The field experience in Western Canada has shown that the primary depletion behaviour of several heavy oil fields is anomalous and inconsistent with conventional theories. It is believed that at least foamy oil flow effects cause a part of this anomaly. It has been theorised that during primary production, the solution gas released from heavy oil does not disengage from the liquid immediately but remains dispersed in the form of small gas bubbles which tend to flow with the oil. This paper presents an experimental study of solution gas drive in foamy oil systems.

Primary depletion tests were conducted in a two meters long sand-pack using several different oils to evaluate the effects of different process parameters, such as oil viscosity and pressure decline rate. The results show that the performance of solution gas drive depends on the pressure decline rate (or drawdown pressure) imposed on the system. Experiments, in which the pressure at the production port was decreased very slowly, resulted in low recovery factors. When the pressure at the production port was reduced rapidly, high recovery factors were obtained. It was observed that a large pressure gradient developed and persisted in fast decline experiments while in slow decline experiments the pressure gradient remained very small. The results suggest that a different drive mechanism, which may be called foamy solution gas drive, becomes operative in fast depletion tests.

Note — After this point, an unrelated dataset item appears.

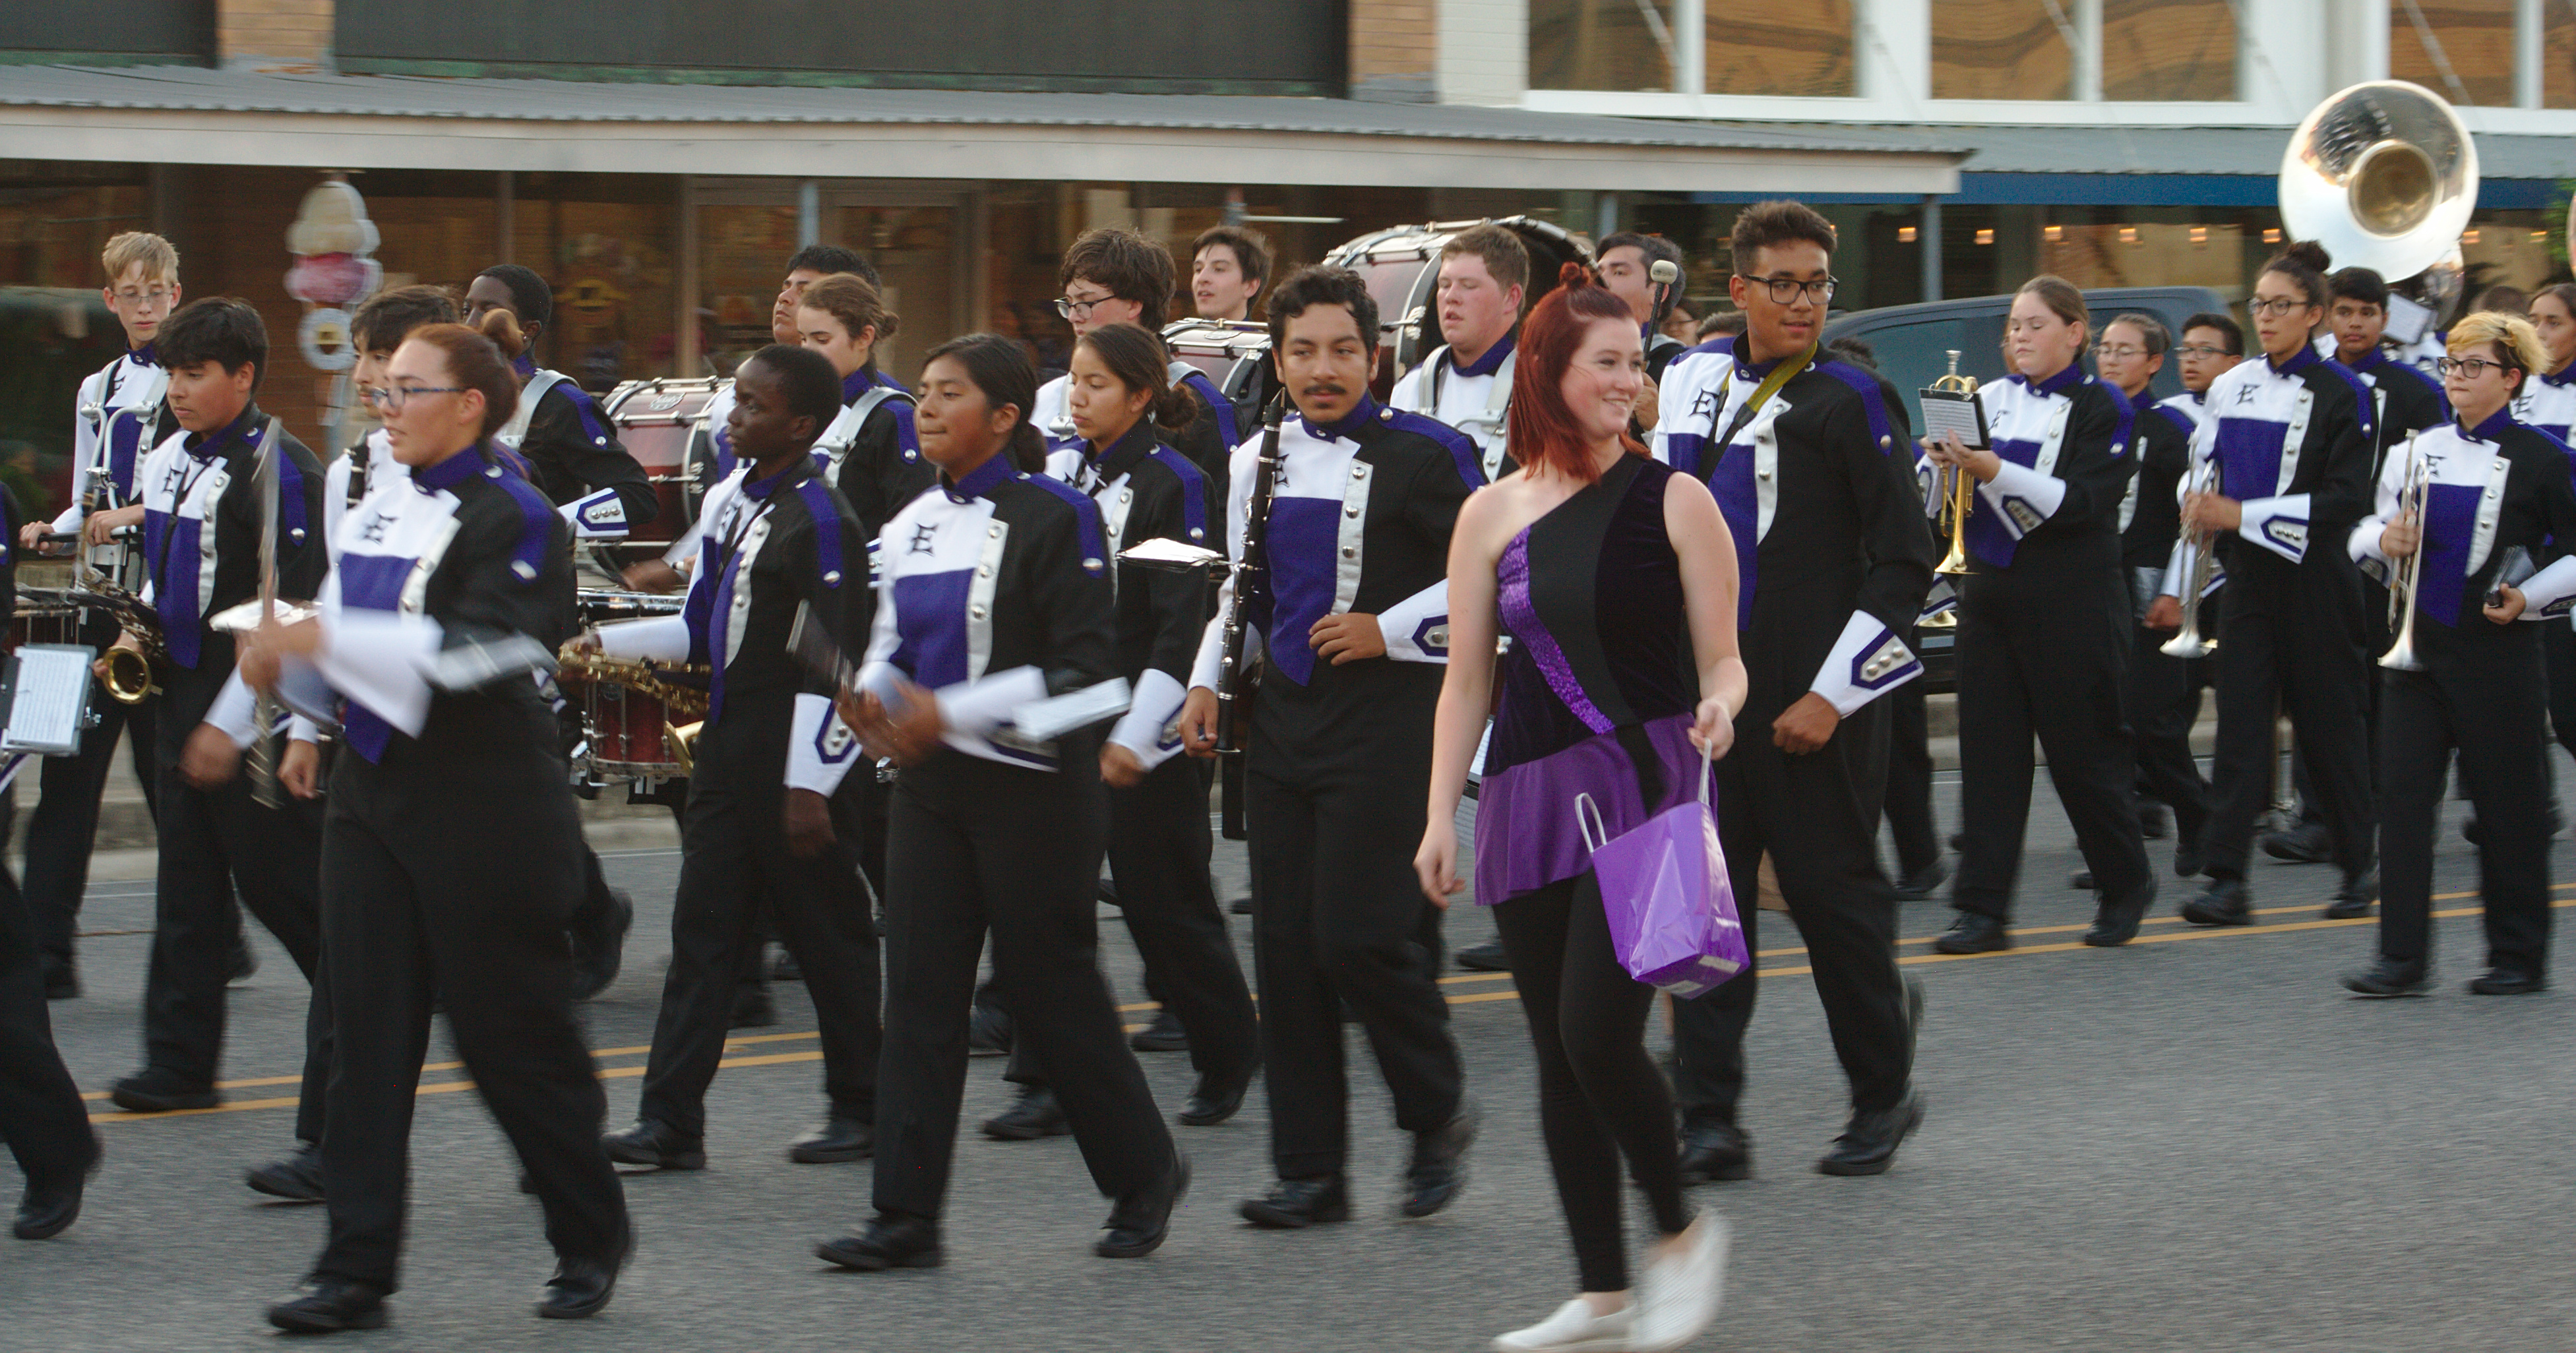 Elgin shows off spirit with parade, pep rally Elgin Courier

The oil viscosity was found to have only a modest effect on the recovery factors observed in fast pressure decline experiments. However, the critical rate of pressure decline needed to maintain the foamy drive mechanism was viscosity dependent; increasing sharply with decreasing oil viscosity. The results also showed that, other factors being the same, the presence of asphaltenes did not affect recovery factors in high rate solution-gas-drive tests.


Cold production of heavy oil has become an attractive heavy oil production method past few years. Although cold production has been very successful in many heavy oil pools, it is not risk free. The final primary recovery factors differ widely among reservoirs having similar permeability and viscosity characteristics. Even within the same reservoir, some wells are better producers while others perform rathe poorly. The reasons for such performance differences remain obscure. Numerical simulation of primary production (Loughead and Saltuklaroglu; 1992) suggests that the wells, which perform poorly, are showing the normal solution gas drive behaviour while the wells which are prolific producers are anomalous. Several reasons have been suggested for higher than expected productivity and unexpectedly high primary recovery factors. These include formation of wormholes around the well, increased permeability due to sand dilation, and foamy oil flow. The first two appear to be responsible for higher than expected production rates and the foamy oil flow is thought to be the main reason for high primary recovery factors (Maini, Sarma and George; 1993).

Advances in horizontal well technology have removed some of the uncertainty from cold heavy oil production. Long horizontal wells lead to economically attractive (high) production rates even in the absence of wormholes and other unusual effects.